During his long and varied career, he worked for the Civilian Conservation Corps, for the Army Corps of Engineers; as a surveyor; and also for ITT/Federal Electric Corporation in support of the Apollo Project which produced the first manned lunar landing. He entered the construction equipment industry in 1946 in New York City where he realized that many of the products and techniques of pumping and dewatering were inefficient.

He moved from Long Island City, New York in 1951 to Daytona Beach, Florida. In 1970, he founded the Thompson Pump and Manufacturing Company in Port Orange, FL which has grown to international prominence under his direction. Mr. Thompson spent 1946 through 1965 and 1970 – 1999, totaling 48 years in the business.

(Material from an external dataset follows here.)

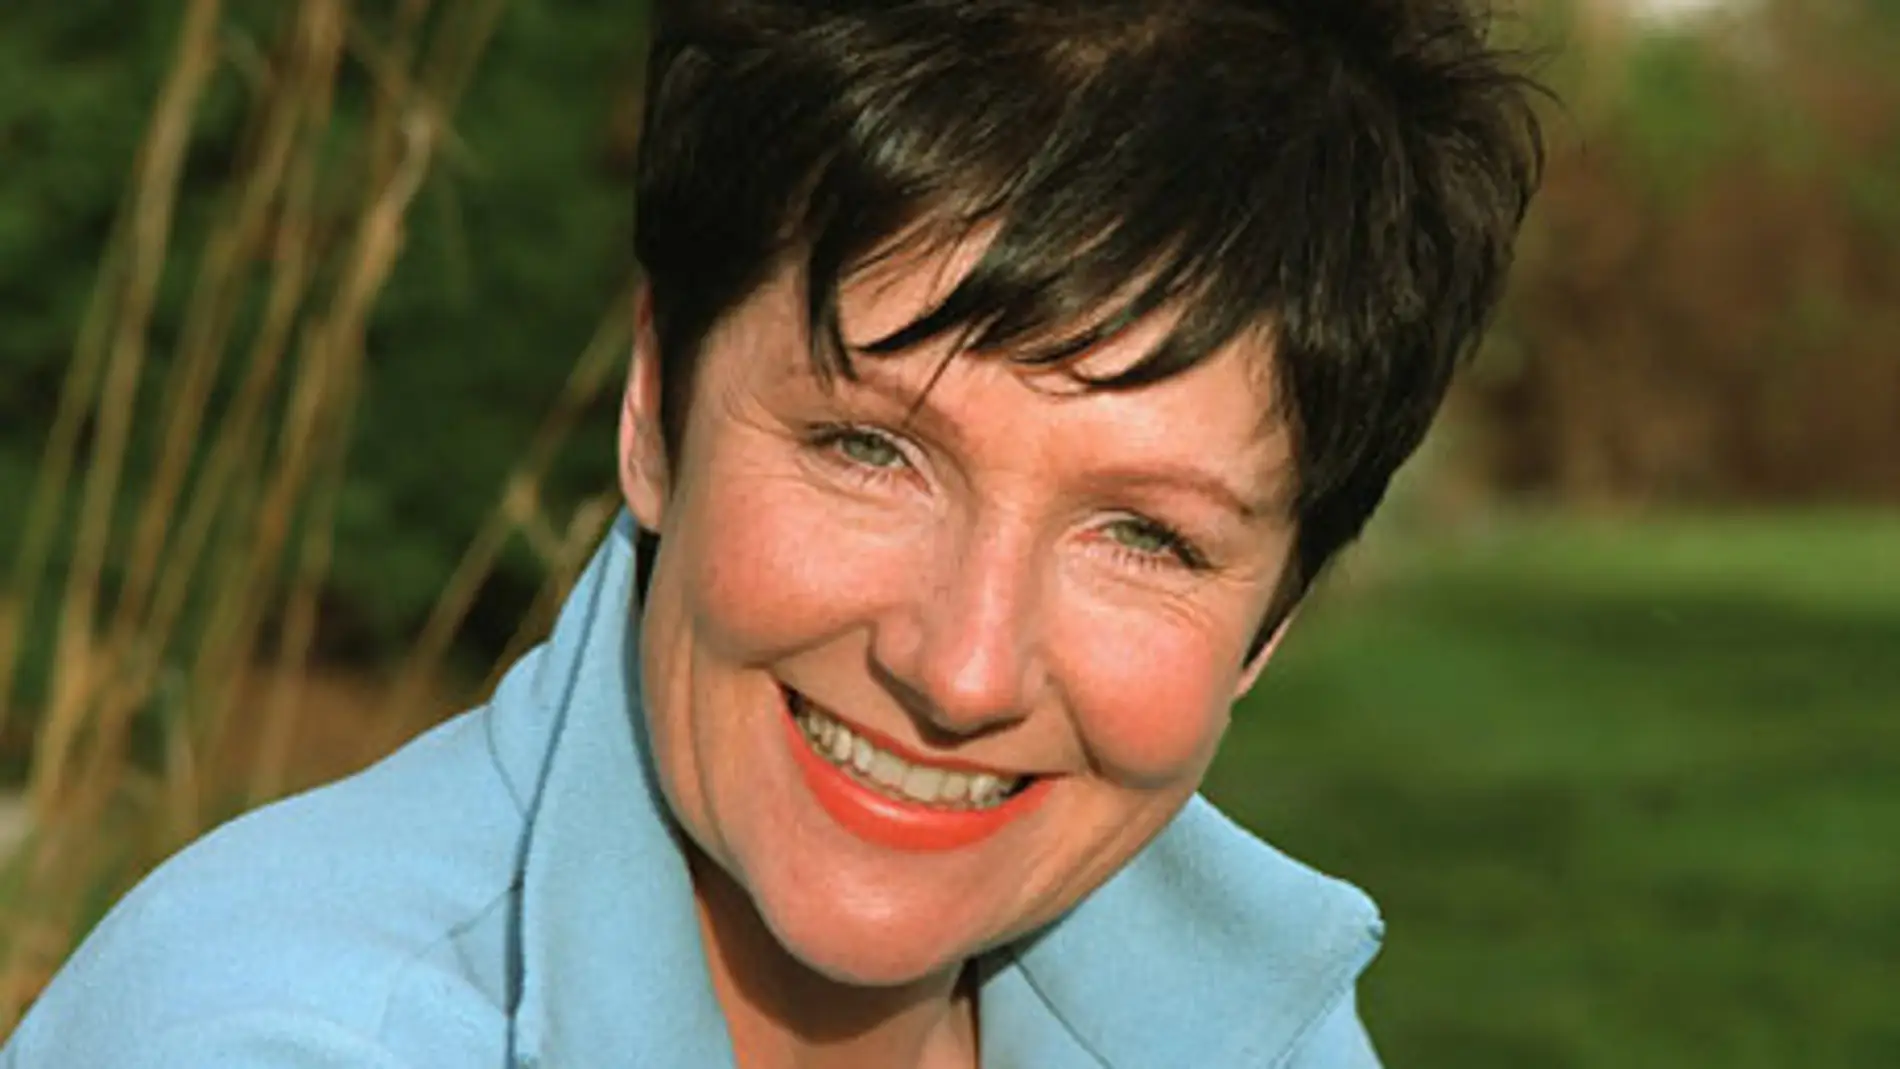 Miriam O'Reilly

He remained active in the family’s business until a year before dying in May 2000.

A member of Who’s Who of American Inventors, Mr. Thompson was the holder of numerous patents and his engineering expertise, innovative designs and unique accomplishments in the fields of construction dewatering and manufacturing were widely recognized. A pioneer and trailblazer, he invented and patented many unique and innovative products and techniques which improved the construction equipment industry.

Contributions
Mr. Thompson introduced the Vacuum Well and Filtervac pipe to the industry. Though he did not formally patent these designs, he created them and used them in innovative ways. These types of underdrain pipes were able to draw vacuum without collapsing, which enabled them to attach to a pump to dewater a construction site.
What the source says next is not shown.